Frankly, I just make whatever decision works for us (we're a squeaky shoe family) and just smile and nod when someone bitches. It's all you can do, really.
My son isn't as well-behaved as your little one! He rarely will hold our hands when walking around outside. Well, he will for about one second and then make a break for it - literally he will shake loose of me and start "running" as fast as his little legs will take him to, say, that friendly-looking bush. I get it; he wants to explore this world of ours! But we live in the city, so it can be dangerous! We really only let him walk on his own when there is a big wide sidewalk not near dangerous intersections. But I think this backpack would let him feel free but still allow us parents to have control of him. I can imagine it'd be so useful at the airport like you said! And the zoo, and other crowded places. But who knows, maybe my son would hate the idea of still being tethered to me. I think I might as well try it out. Meanwhile, should anyone want to judge my "leash", at least I know he'll be safer with it than without and that's all that counts.
Before I had kids, I always scoffed at the leash people. Now, I have more of a "do what you've got to do" attitude (with leashes and most other parenting choices). I've definitely considered the leash too, but now I think Nic and I are at a point where we don't really need it. At Elle's age it's hard because they really don't listen, but I think you'll be surprised at how much more responsive they are in a few more months. My opinion might change when #2 comes along and I can't give Nic my undivided attention, but for now, we're staying leash-free.

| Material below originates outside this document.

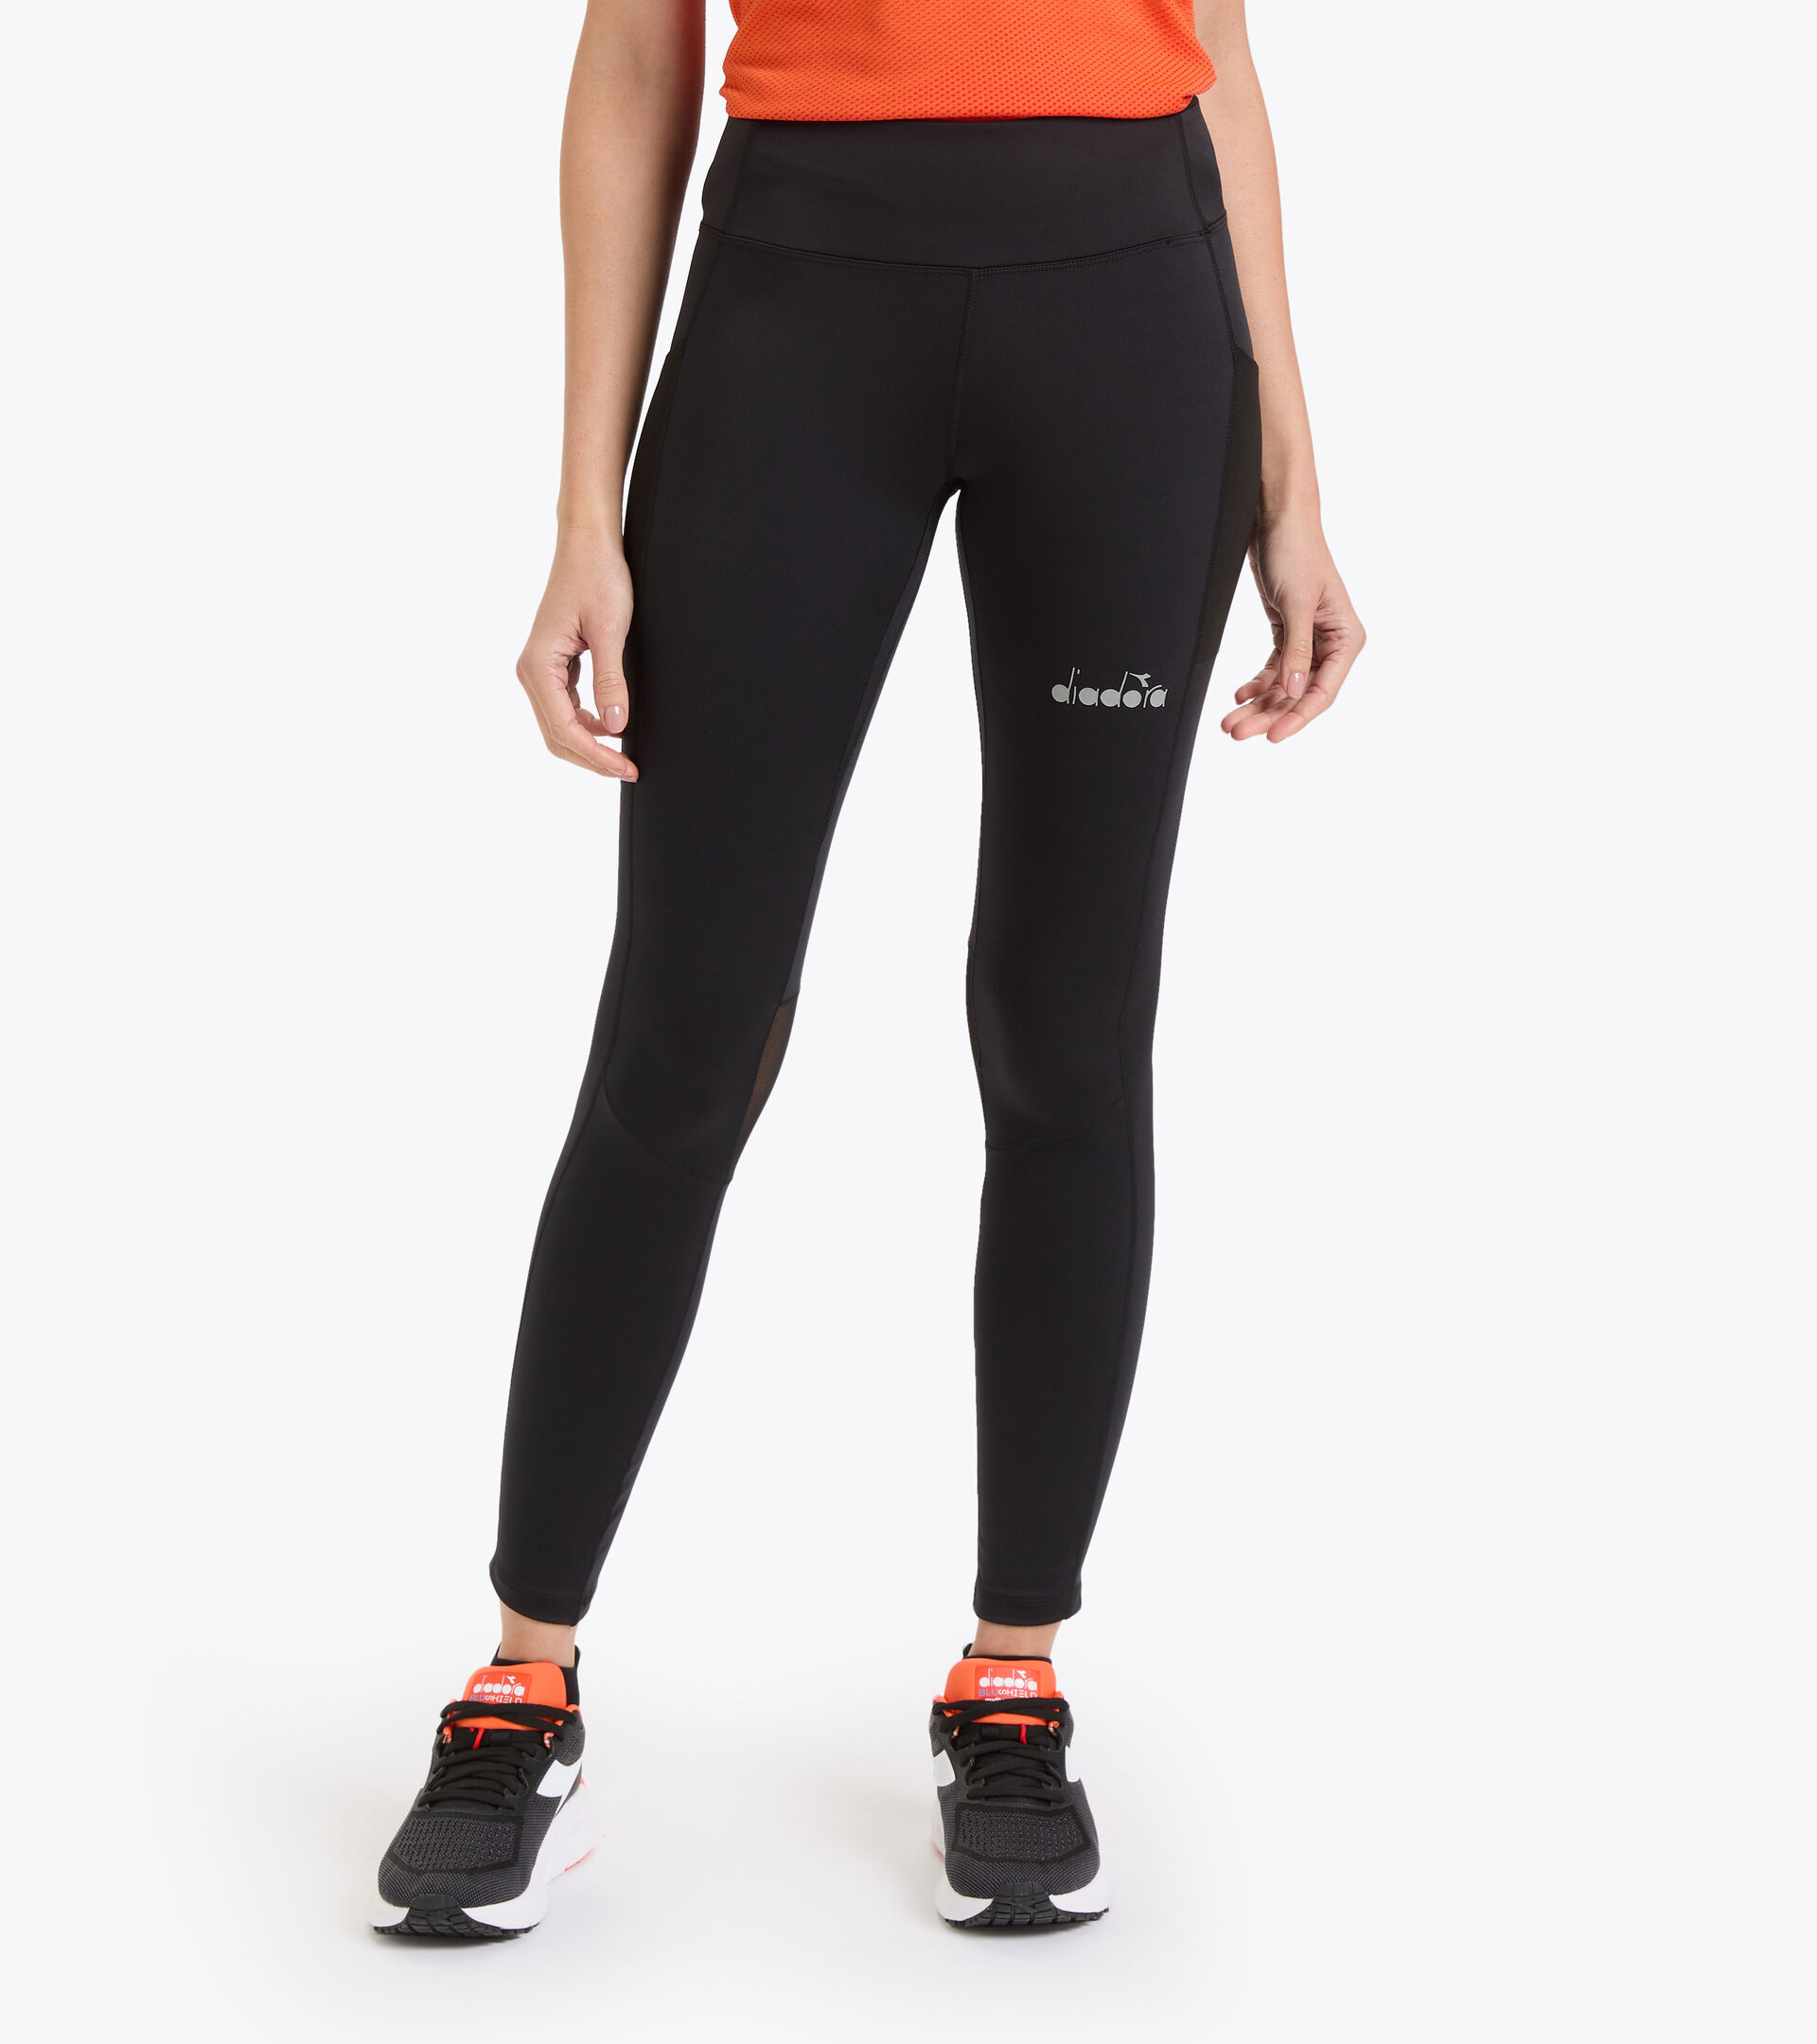 verwijzen Dosering Voorvoegsel L. HW RUNNING TIGHTS Sports leggings - Women - Diadora Online Store US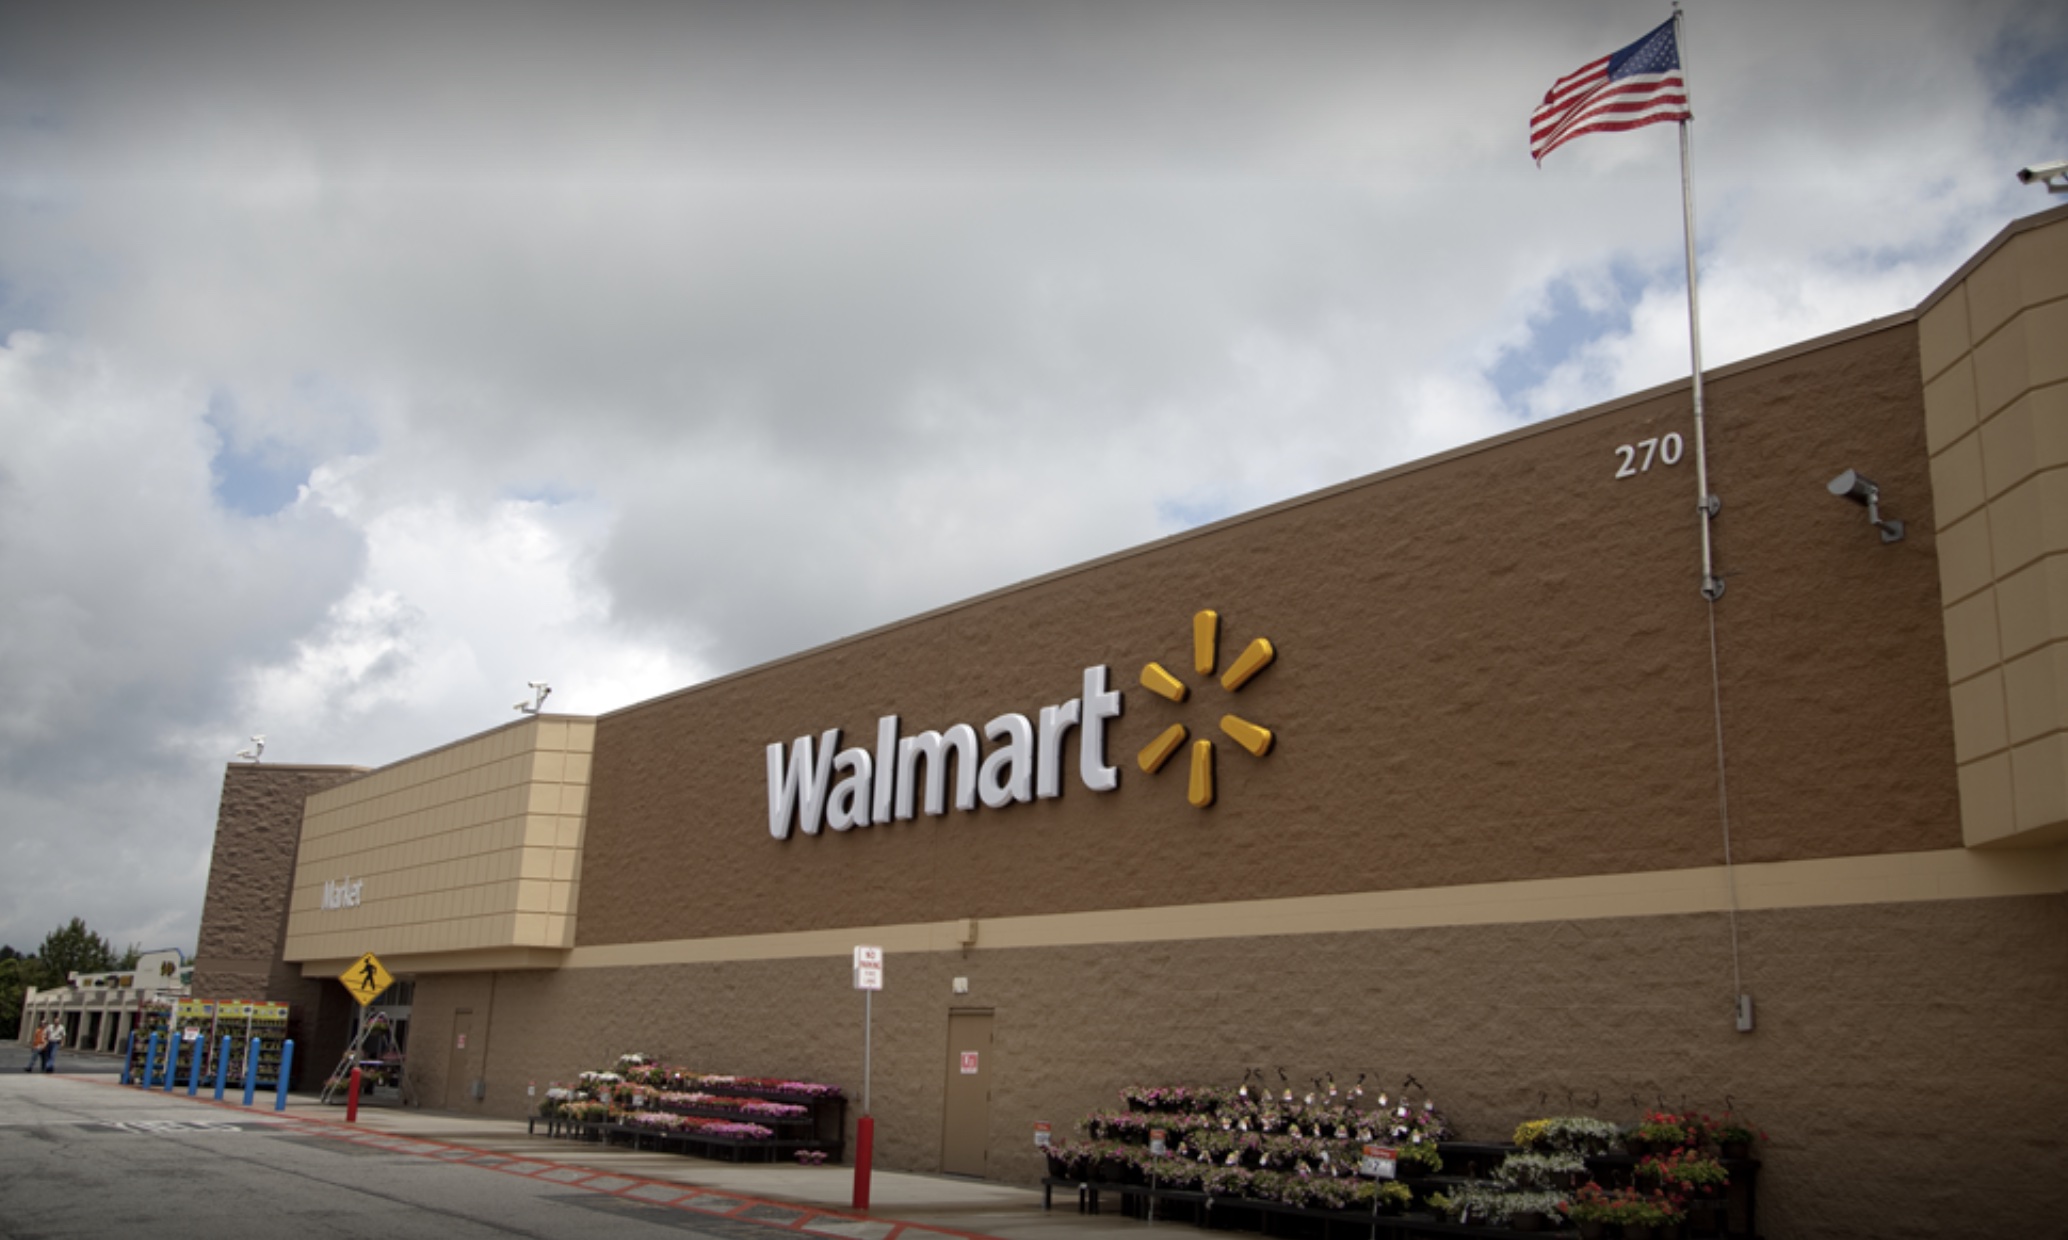 Walmart to close for COVID-19 precautions

At one point I was dead set on getting a "leash" (so funny) for Reese. Then time past and I never got to it and now she's pretty good when we're out and about. I always thought they were a good idea, especially in crowded places. For the longest time I said I was going to get one but then I never did. Come on... this from the girl who is okay with the idea of GPSing a child. :)
We had one of the ladybird backpacks for our daughter when she was younger and it will be used for our other daughter. Leashing is not a bad thing, as you say it gives them a little bit of freedom, and it's also a lot easier to keep hold of them when they try and wriggle away.
I'm sure any parent will agree that when holding the hand of a toddler that wants to get away can be a struggle as they are slippery little rascals when they want to be!
My daughter loved her backpack and wanted to use it all the time, and she never objected to the leash. We used to keep the leash in the hood pocket (can't say we ever used the hood) so that she could run free, but we had it close by if we needed it. A lot of time you could just grab the handle to keep them from danger and then let them run free again.
Also if you have them leashed and they trip up (which toddlers do a lot) you can easily save them from making contact with the ground - I found this a more comfortable (for me) task with the backpacks than a standard leash as the bigger shoulder straps don't dig in as much.